Mais les groupes climatiques sont farouchement opposés à une telle mesure. Soutenus par des études scientifiques, ils remettent en question l'impact de ces crédits – confié à des choses comme la plantation d'arbres ou les projets d'énergie renouvelable – en réduisant le CO global2 émissions.

« Trois pour cent ne sont pas insignifiants. Ce sont des sommes potentiellement considérables qui seront dépensées à l'étranger au lieu de financer la transition » en Europe, a déclaré Neil Makaroff, un expert du groupe de réflexion sur les perspectives stratégiques axée sur le climat.

« Mais il y a un compromis politique à trouver », a-t-il déclaré. « Le défi sera que l'UE établira une norme afin que ces crédits internationaux aident vraiment à réduire les émissions et à ne pas laisser les États individuels à leurs propres appareils. »

'Ne nous efforcer pas'

Les ministres de l'UE sur l'environnement discuteront de l'objectif lors d'une réunion à la mi-juillet avant un vote prévu sur l'approbation des mesures le 18 septembre.

Il ne deviendra loi que après que les législateurs de l'UE aient également signé sur la cible.

L'espoir de la Commission est que l'objectif de 2040 sera approuvé avant la Conférence du climat des Nations Unies (COP30) en novembre dans la ville nord-brésilienne de Belem.

Mais cela donne peu de temps aux négociations, qui ont été compliquées par un changement de droite et l'augmentation du scepticisme climatique dans de nombreux pays européens.

Le chef du climat de l'UE, Wopke Hoekstra, a passé des mois à traverser le bloc pour essayer de trouver un compromis.

Pour certains États, y compris la République tchèque, l'objectif de 90% n'est pas réaliste.

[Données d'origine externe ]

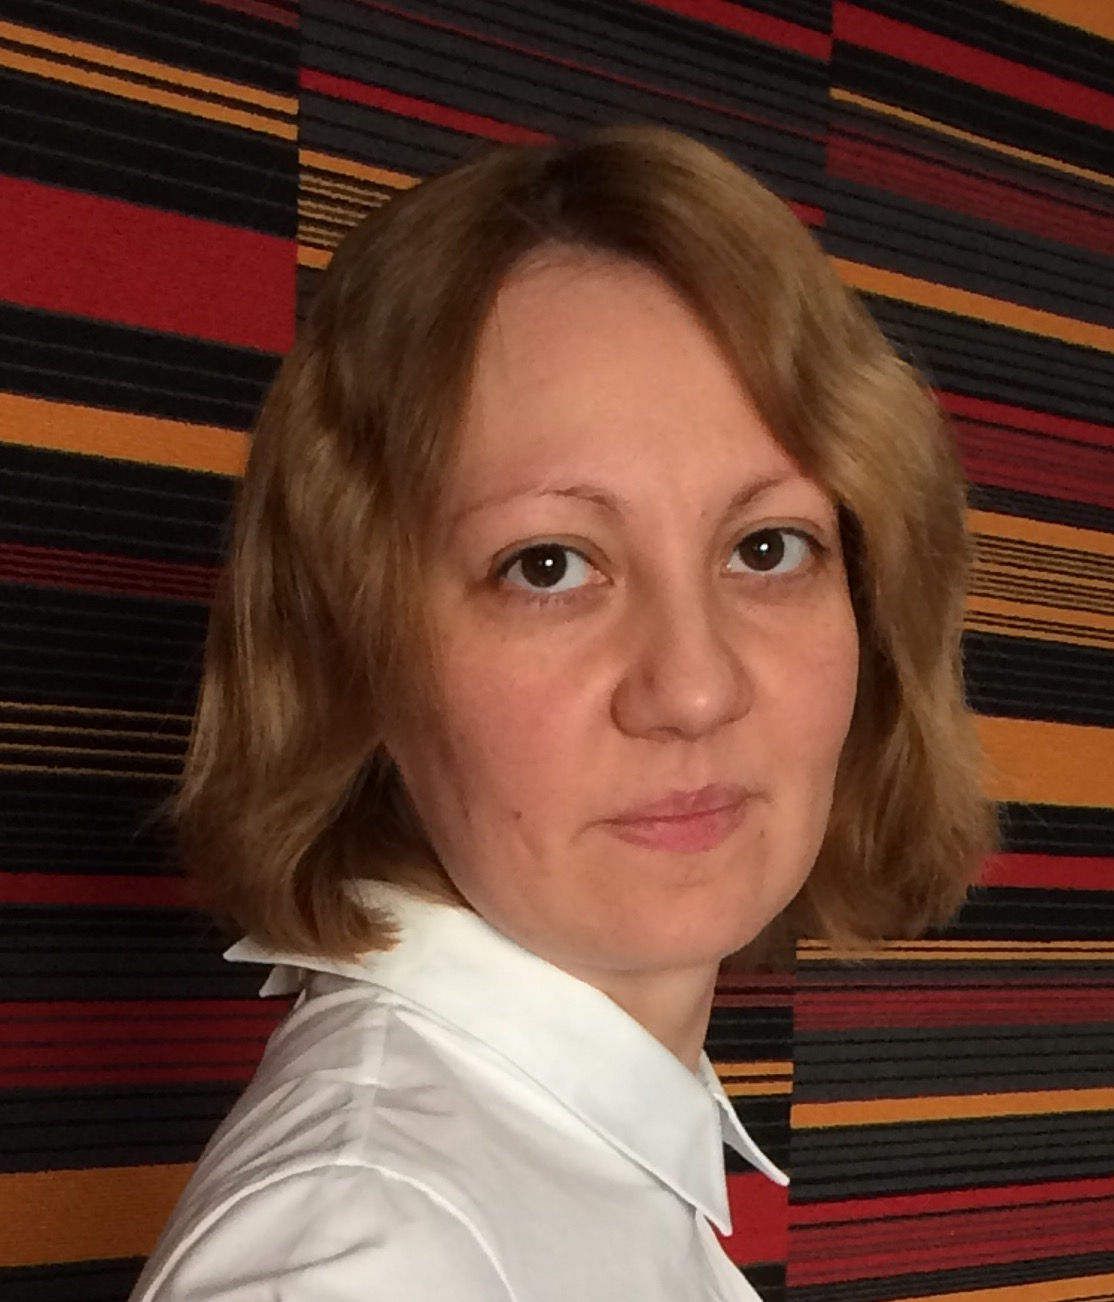 Yulia Viktorova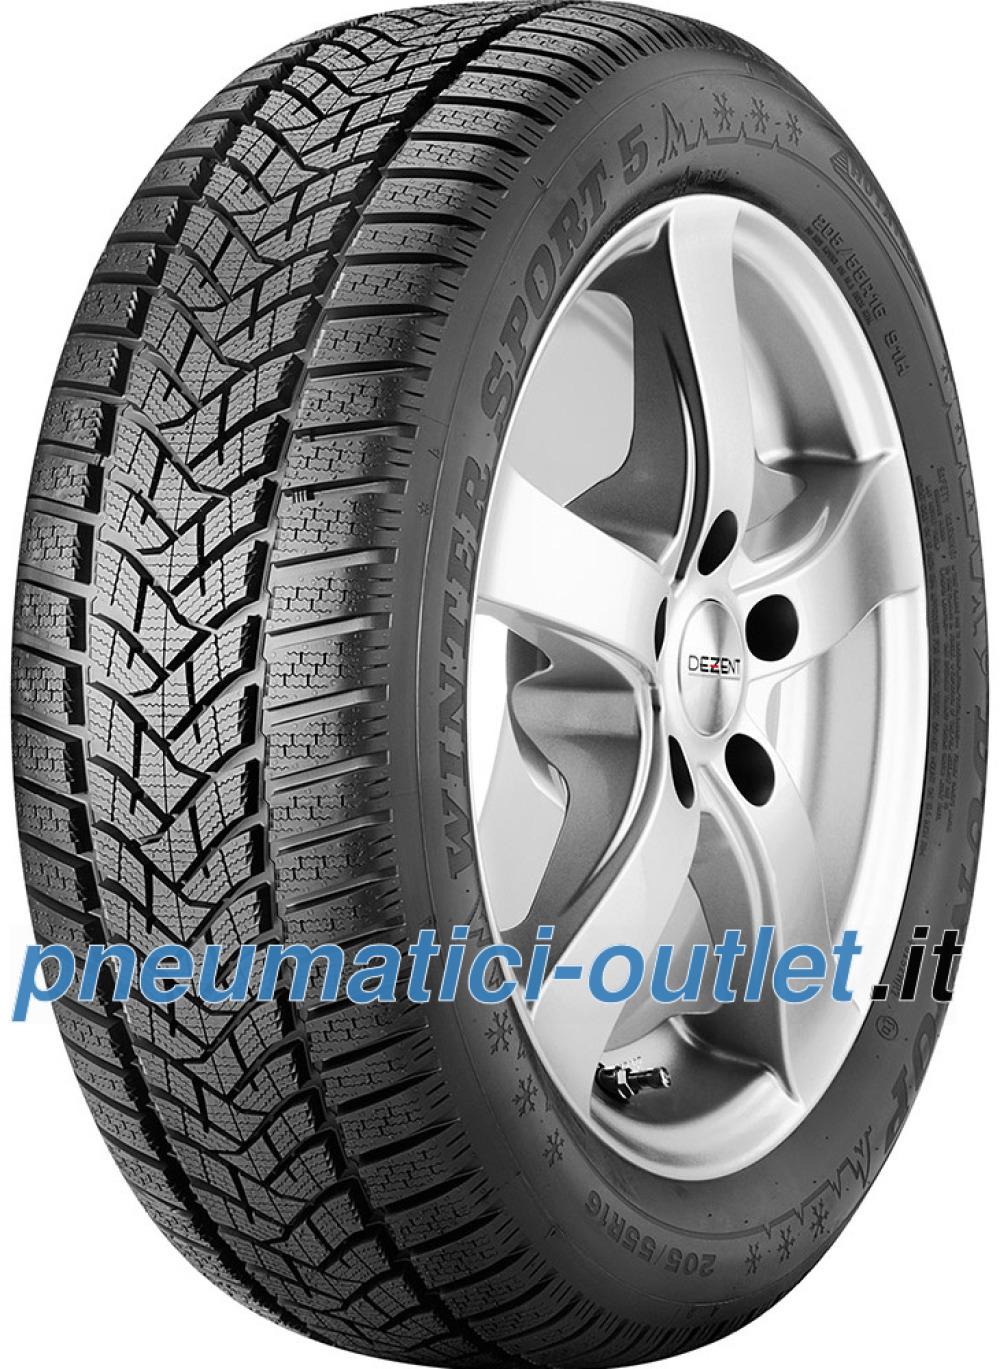 Dunlop Winter Sport 5 ( 245/45 R17 99V XL , con protezione del cerchio (MFS) )

Pendant ce temps, d'autres, dont l'Italie et la Hongrie, s'inquiètent de la charge de décarbonisation de l'industrie lourde à un moment où l'Europe s'efforce de renforcer son industrie face à une concurrence féroce des États-Unis et de la Chine.

Le Premier ministre italien Giorgia Meloni a suggéré un objectif de 80% ou 85%, tandis que la France a exprimé des doutes sur la façon dont l'UE atteindra son objectif.

Le président français Emmanuel Macron veut des garanties pour la décarbonisation de l'industrie et le soutien à l'énergie nucléaire, la plus grande source de pouvoir en France.

Mais la commission peut compter sur le soutien d'autres pays, notamment l'Espagne et le Danemark, qui a repris la présidence en rotation de l'UE cette semaine.

Et la «flexibilité» de 3% – qui reflète les demandes faites dans l'accord de coalition du nouvel gouvernement allemand – devrait aider à maintenir la puissance économique à bord.

En ce qui concerne les engagements internationaux de l'Europe, Macron a également souligné que le bloc est condamné à présenter une cible à mi-chemin pour 2035 à COP30 à Belem, et non à l'objectif 2040.

« Ne nous efforçons pas », a déclaré Macron aux journalistes la semaine dernière. « Si nous avons (une cible de 2040) pour Belem, génial, mais si cela prend plus de temps, prenons le temps », a-t-il déclaré.